→ Requirement:
Where the listing below has a line with "1918 AUGUST 11", write out exactly that line and every line after it, stopping after the line with "A white bowl".

→ Listed entries:
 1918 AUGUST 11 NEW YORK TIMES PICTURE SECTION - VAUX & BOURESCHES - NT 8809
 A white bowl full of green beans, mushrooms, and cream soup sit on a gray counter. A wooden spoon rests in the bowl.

---

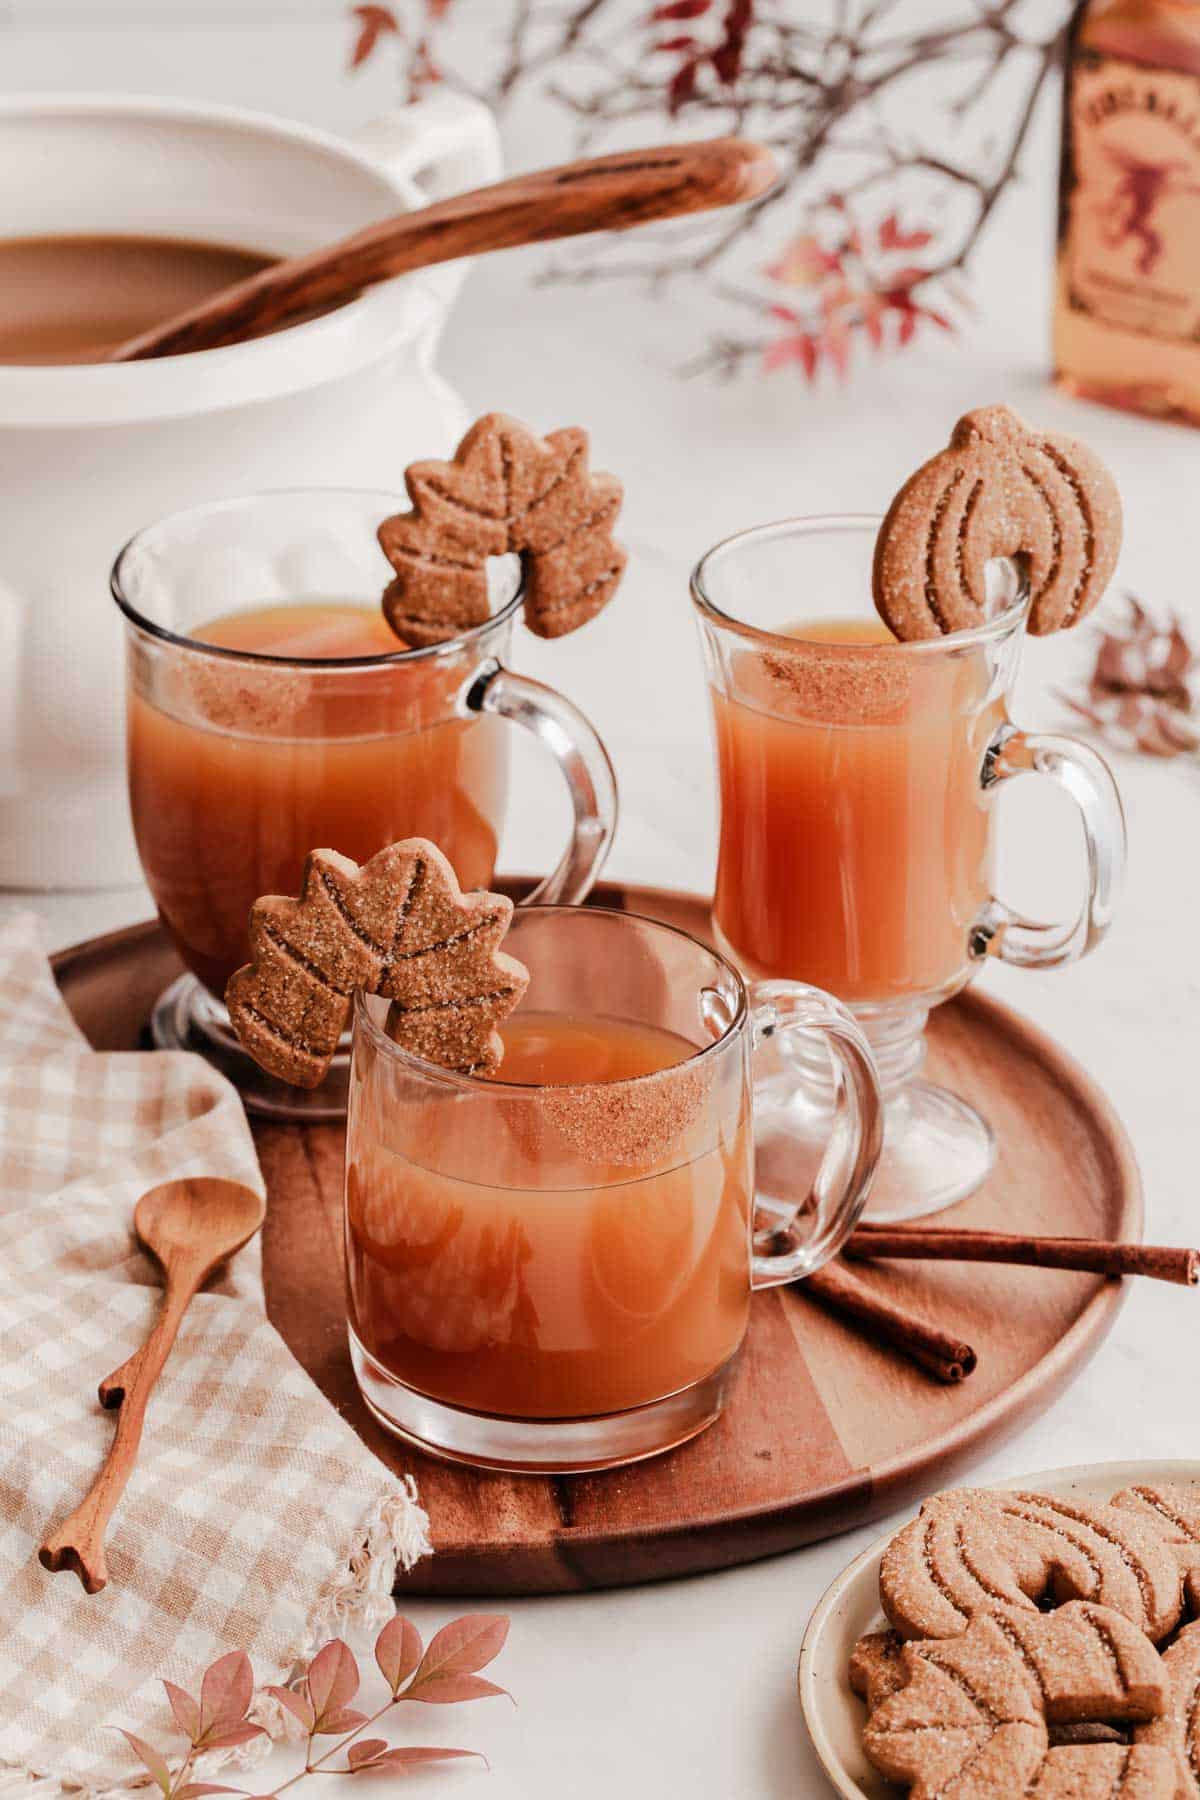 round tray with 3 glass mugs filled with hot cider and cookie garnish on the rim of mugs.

→ Output for this exercise:
 1918 AUGUST 11 NEW YORK TIMES PICTURE SECTION - VAUX & BOURESCHES - NT 8809
 A white bowl full of green beans, mushrooms, and cream soup sit on a gray counter. A wooden spoon rests in the bowl.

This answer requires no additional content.